Pick 5 – Braeden Campbell (Sydney Swans Academy/ Westbrook)

Pick 33 – Errol Gulden (Sydney Swans Academy/ Maroubra Saints) 

A quick word:

For the first time since 1998, the Swans had two top five picks. 

The Swans sprung a surprise in taking Logan McDonald, who surprisingly fell to pick 4. Much to their dismay, a bid for Braeden Campbell came immediately afterwards, wiping out a large portion of their draft hand. Nevertheless the pair are highly rated with Logan starring in WA as a key forward with 21 goals in 9 games. Campbell, meanwhile is the latest member of the Sydney academy to join their ranks and is a highly regarded midfielder. Both are extremely talented athletes, and will no doubt feature prominently in the Swans lineup in 2021.

The Swans were also fortunate in Errol Guiden sliding to Pick 32, allowing them to match a bid from Geelong on the small forward. Like Campbell, Guiden is a member of the Swans Academy. He rarely played a bad game in his competition this year, and averaged 27 disposals.
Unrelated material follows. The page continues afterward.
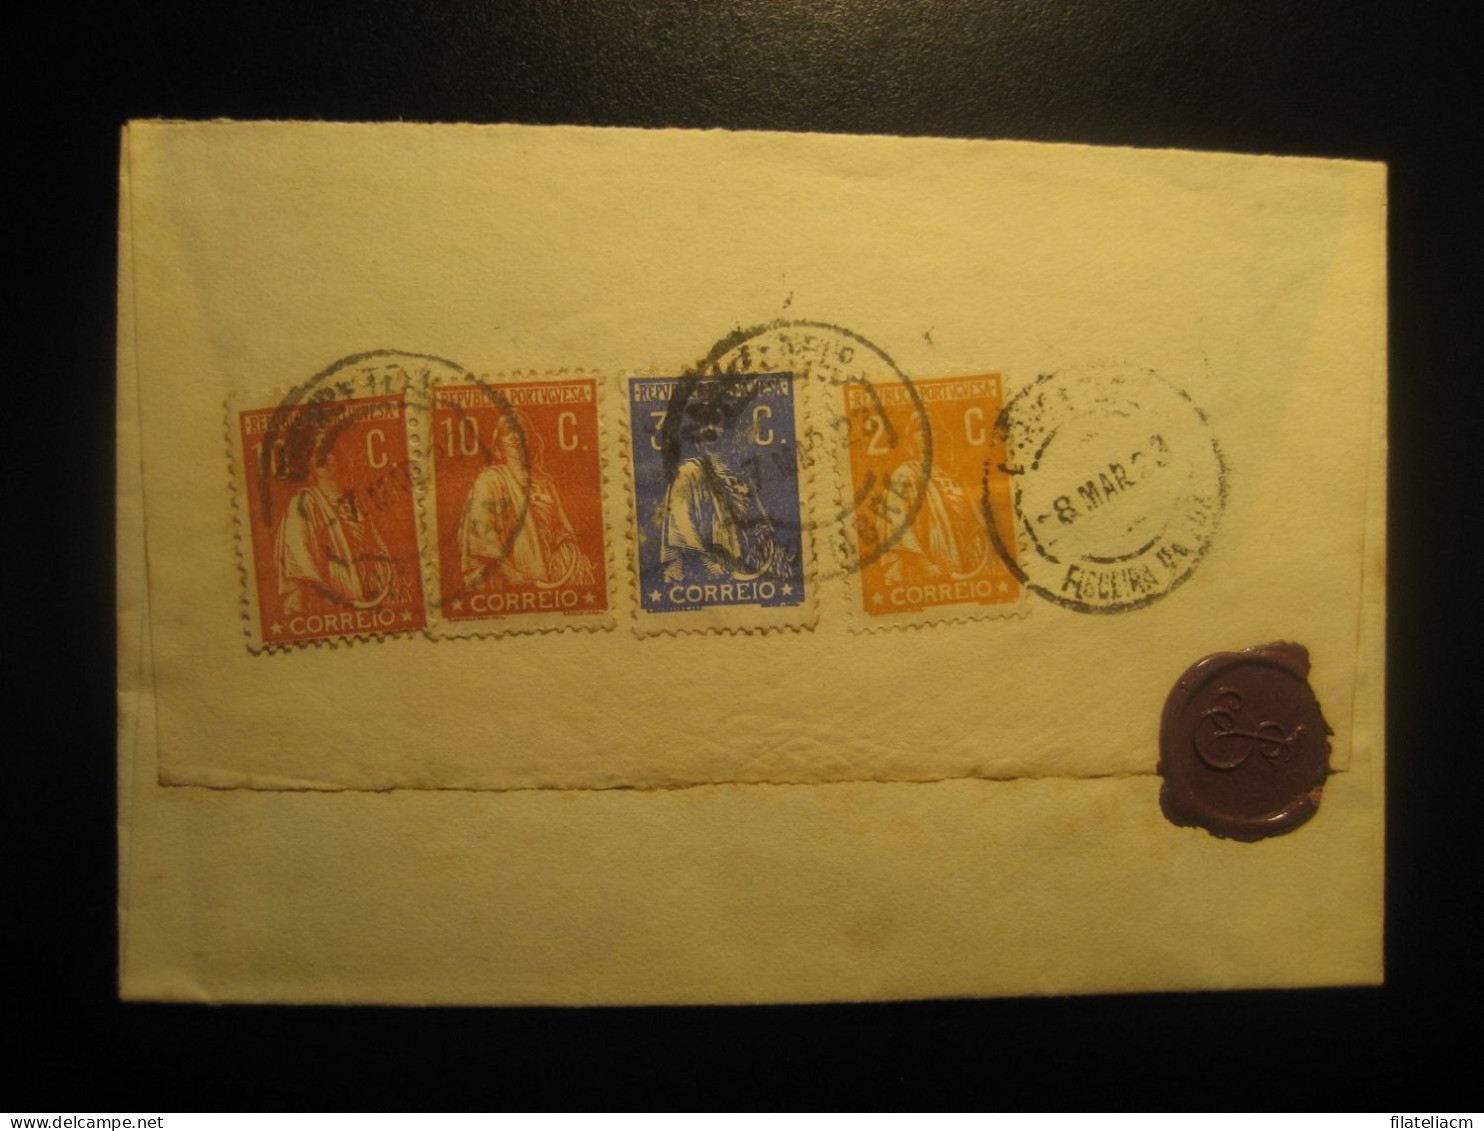 FIGUEIRA DA FOZ 1923 4 Stamp Ceres On Cancel Cover PORTUGAL - Briefe U. Dokumente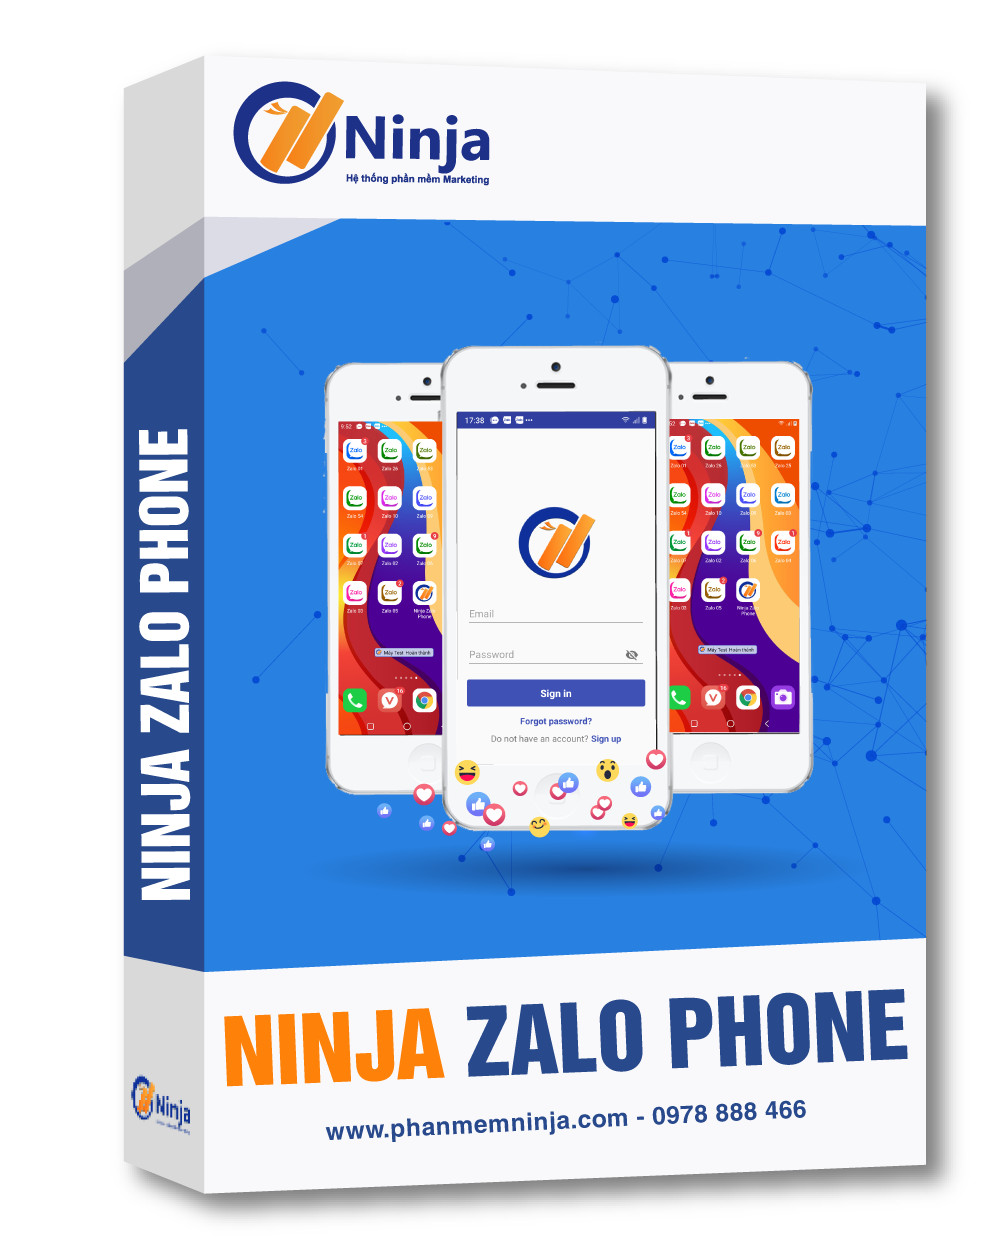 Phần mềm nuôi nick Zalo trên điện thoại - Ninja Zalo Phone

He also is noted for his endurance, and should slot in nicely for the Swans in 2021.

Thomas Grattan

West Coast Eagles:

Who did they pick?

Pick 52 – Luke Edwards (Glenelg)

Pick 57 – Isiah Winder (Peel Thunder)

A quick word:

Having wiped out this draft hand to secure Tim Kelly from Geelong last season, the eagles had to wait a while to join in proceedings. 

Luke Edwards was taken at pick 52, and is a general defender from Glenelg.  

The son of Adelaide legend Tyson, Edwards has strong game sense, is efficient by foot, gathers the contested ball, and is a versatile player.

A second general defender, Isiah Winder from Peel Thunder, was taken at pick 57.

Winder has strong athleticism, is efficient by foot, can take a strong mark, has speed, is agile and like Edwards, has a strong game sense. 

Could one of them be a diamond in the rough? Time will tell.

Thomas Grattan

Western Bulldogs

Who did they pick?

Pick 1 – Jamarra Ugle-Hagan (Oakleigh Chargers/Vic Country)

Pick 55 – Dominic Bedendo (Murray Bushrangers)

A quick word:

In matching Adelaide’s pick 1 bid for Ugle-Hagan, the Bulldogs secured their first #1 draft pick since taking Adam Cooney in 2003. Regarded by most as the best player in the 2020 draft pool, the 195cm key forward has drawn comparisons to Lance Franklin, with his athleticism and skill in the air key traits of his game. Ugle-Hagan will fill the Dogs’ need for a second key forward, slotting nicely into their forward 50 to partner with Aaron Naughton.

Bedendo provides another forward option for the Dogs, and is strong overhead with a good vertical leap. Despite his lean frame, standing at 187cm and 74kg, Bedendo can become a damaging forward with some development.